:: WHAT THE EXERCISE ASKS ::
All that is wanted is the span of lines from the one with "Natural Sapphire, Color - Blue - 3 Carats" to the last line of the data, copied exactly.

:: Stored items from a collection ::
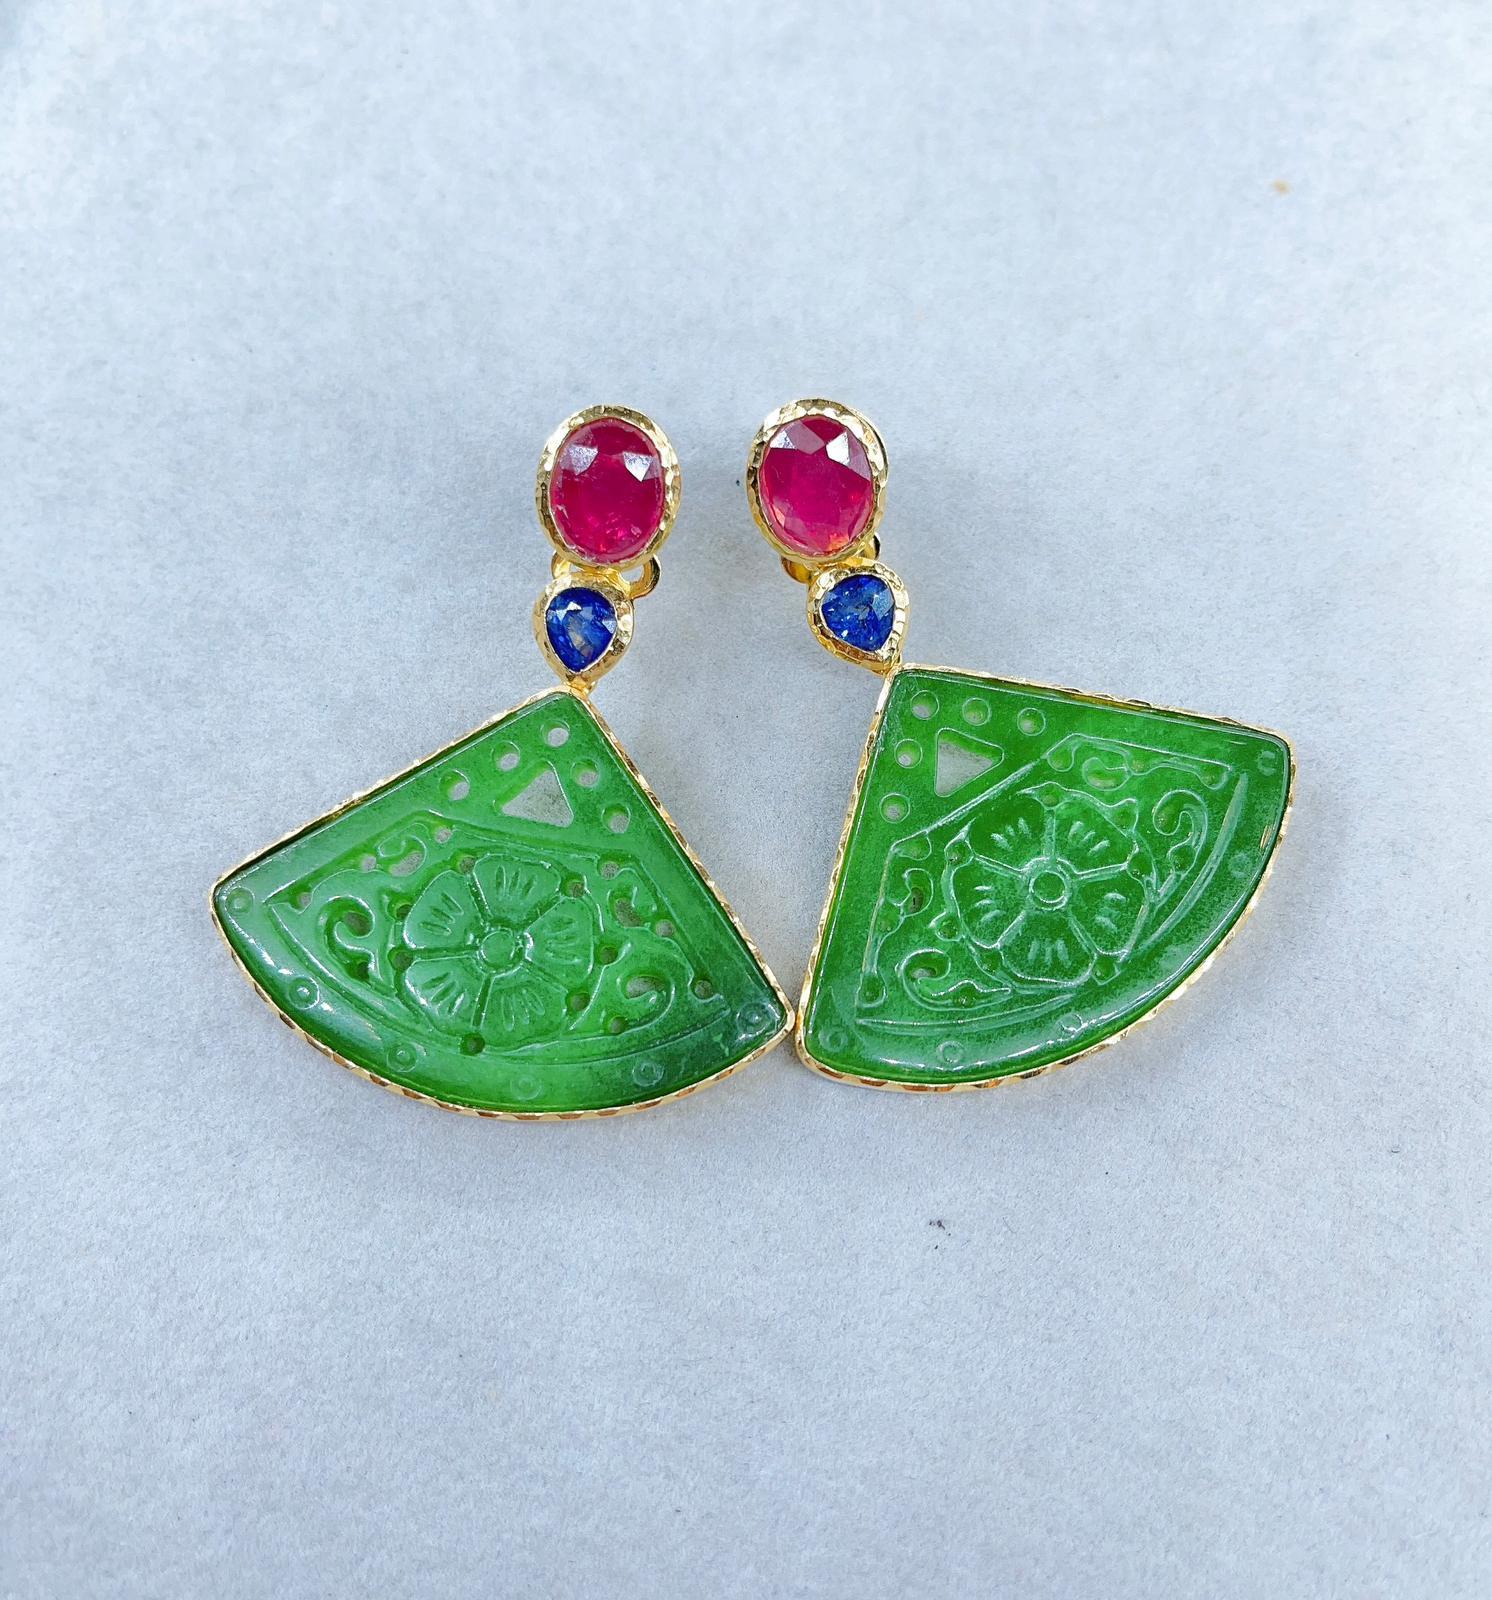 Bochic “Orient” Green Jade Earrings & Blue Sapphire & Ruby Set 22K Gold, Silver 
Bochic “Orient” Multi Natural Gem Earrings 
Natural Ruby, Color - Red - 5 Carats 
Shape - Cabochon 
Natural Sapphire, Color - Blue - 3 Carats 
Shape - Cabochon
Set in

:: RESULT OF THIS TASK ::
Natural Sapphire, Color - Blue - 3 Carats 
Shape - Cabochon
Set in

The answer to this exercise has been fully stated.